▶ [Brief]
Write every line below out again, exactly as given, but leave out the pictures.
--- Given material Enclosed Below ---
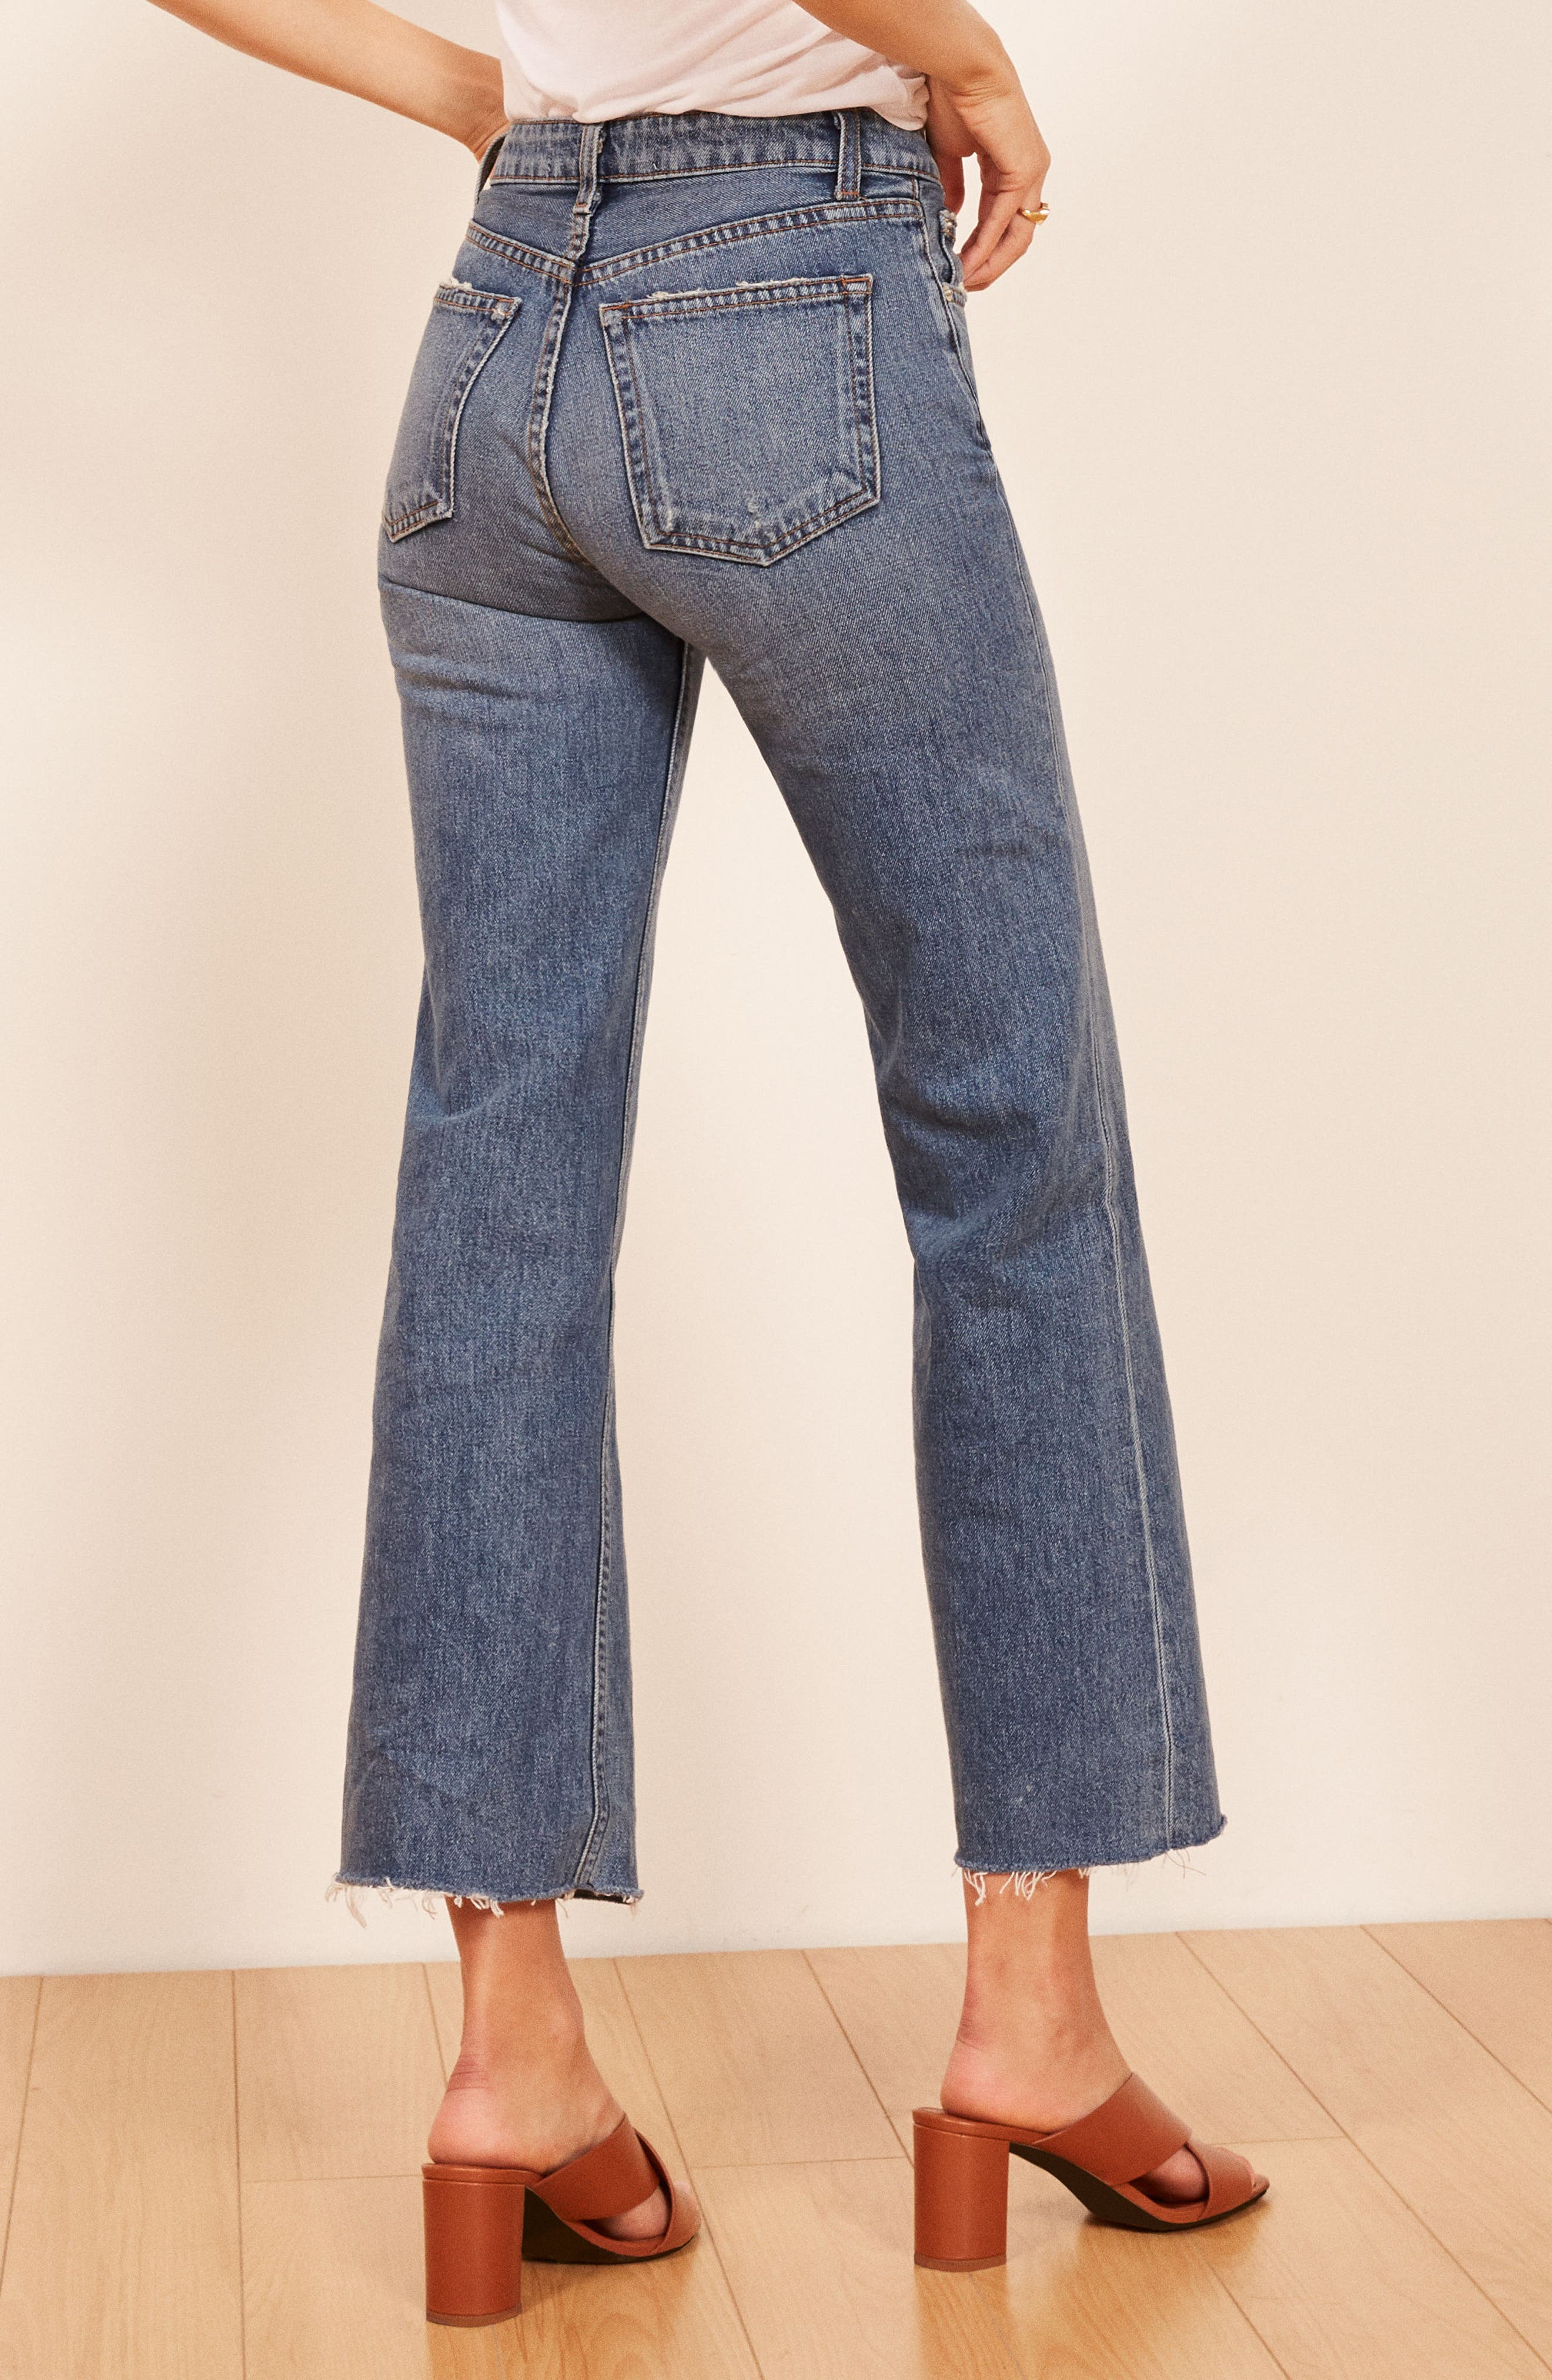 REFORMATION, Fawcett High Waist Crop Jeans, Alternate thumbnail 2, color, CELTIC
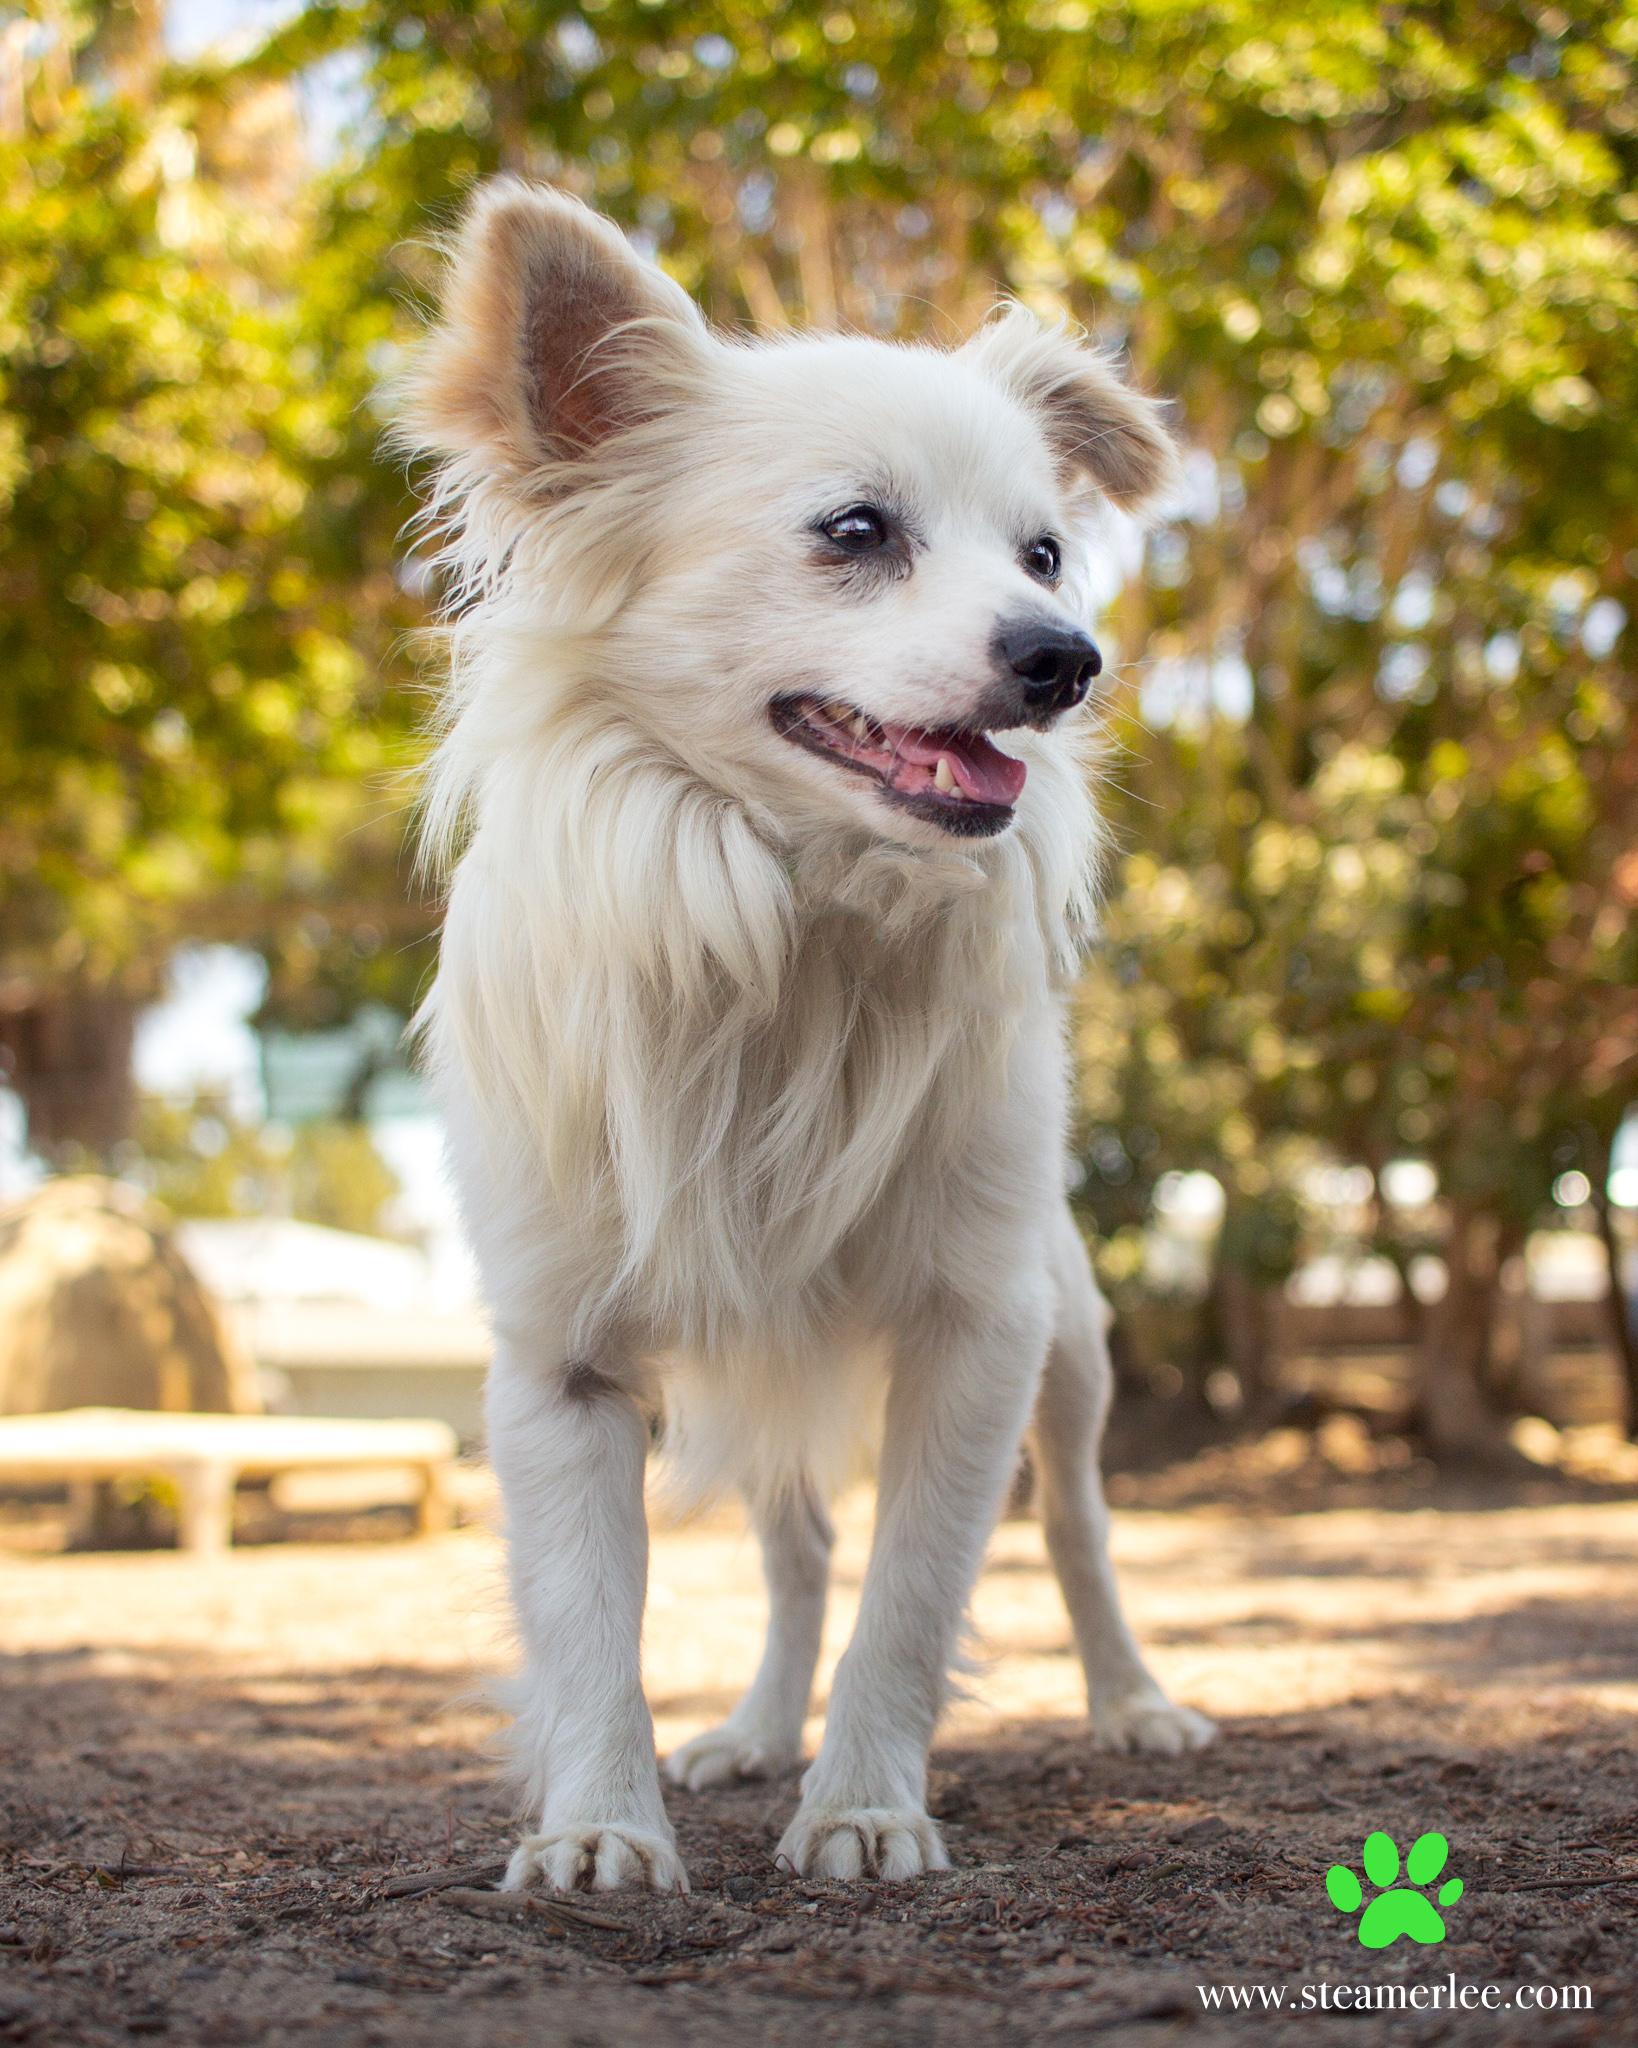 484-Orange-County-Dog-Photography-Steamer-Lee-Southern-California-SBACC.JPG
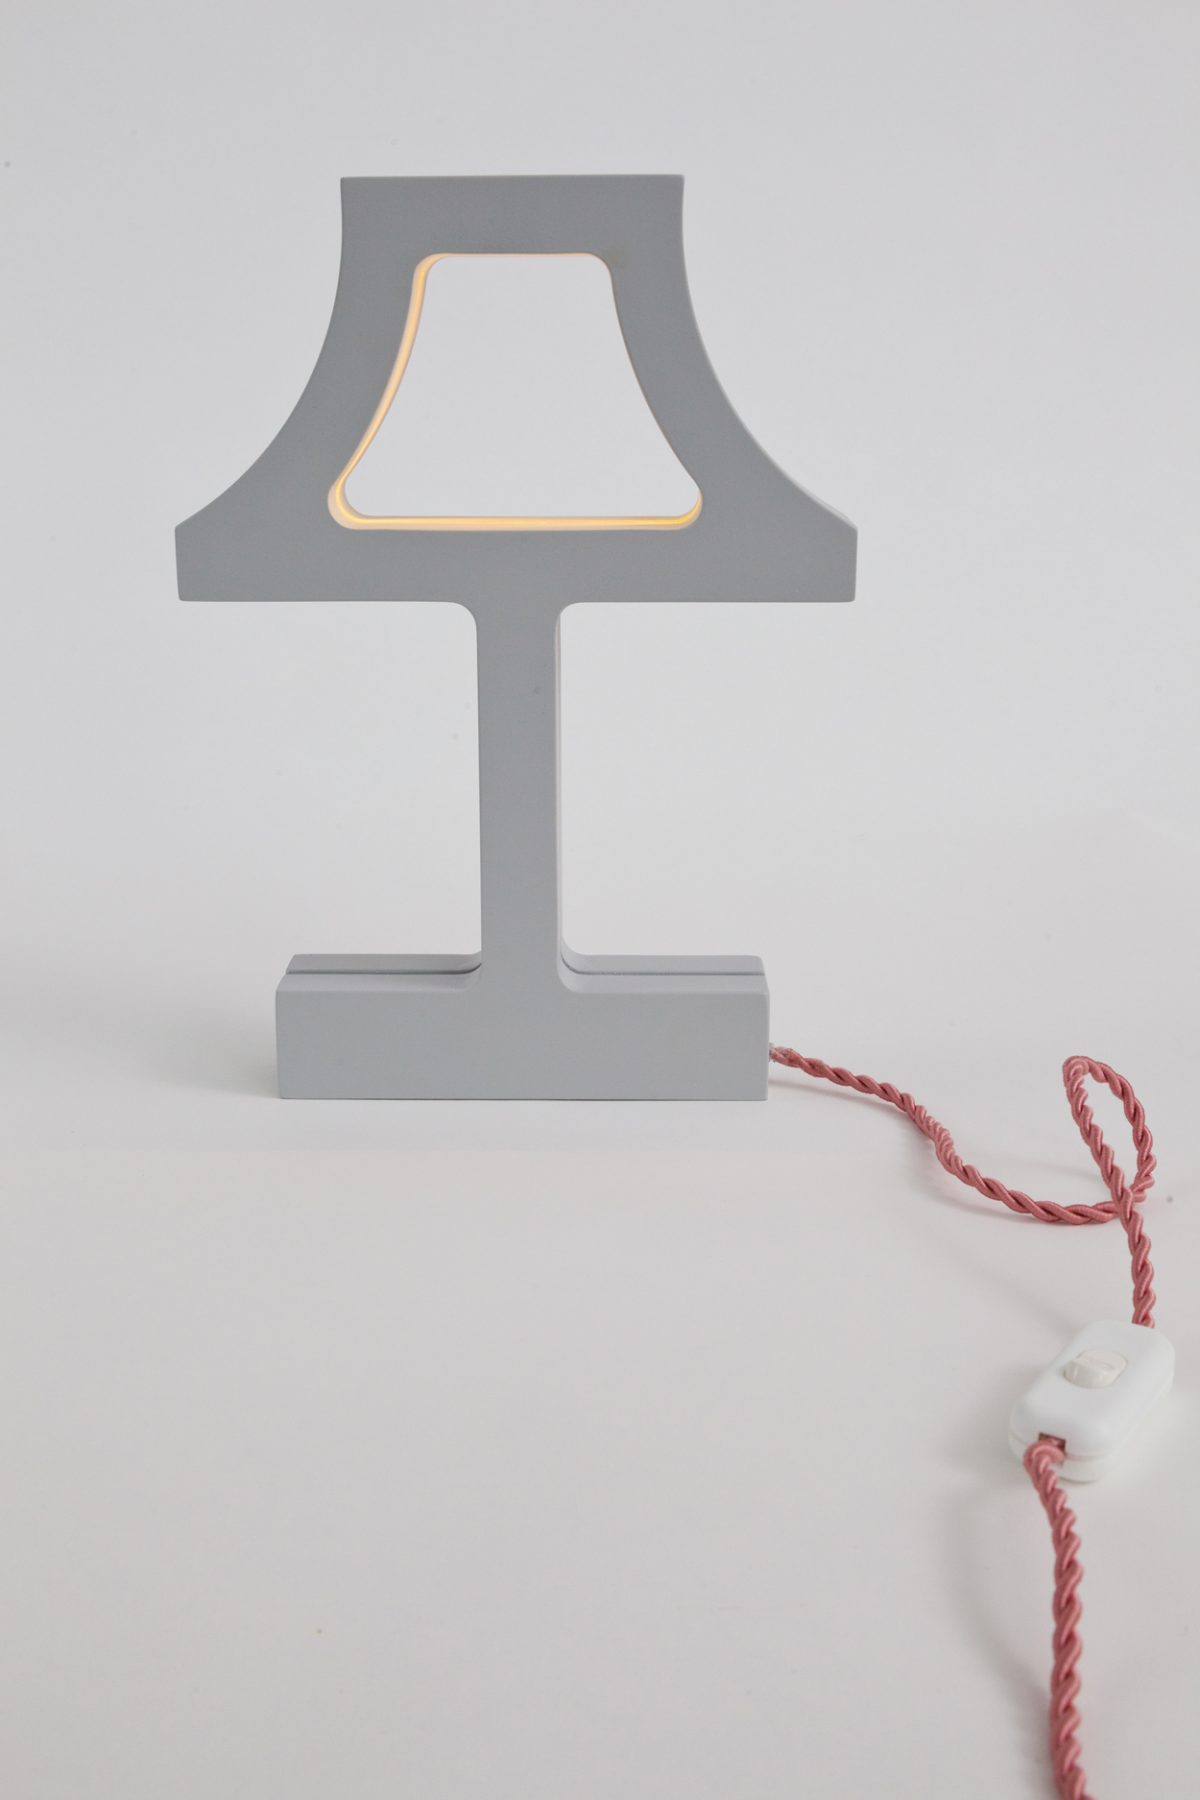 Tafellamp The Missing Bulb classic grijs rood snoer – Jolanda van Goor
--- End of Enclosed Given material ---
▶ [Finished exercise]
 REFORMATION, Fawcett High Waist Crop Jeans, Alternate thumbnail 2, color, CELTIC
 484-Orange-County-Dog-Photography-Steamer-Lee-Southern-California-SBACC.JPG
 Tafellamp The Missing Bulb classic grijs rood snoer – Jolanda van Goor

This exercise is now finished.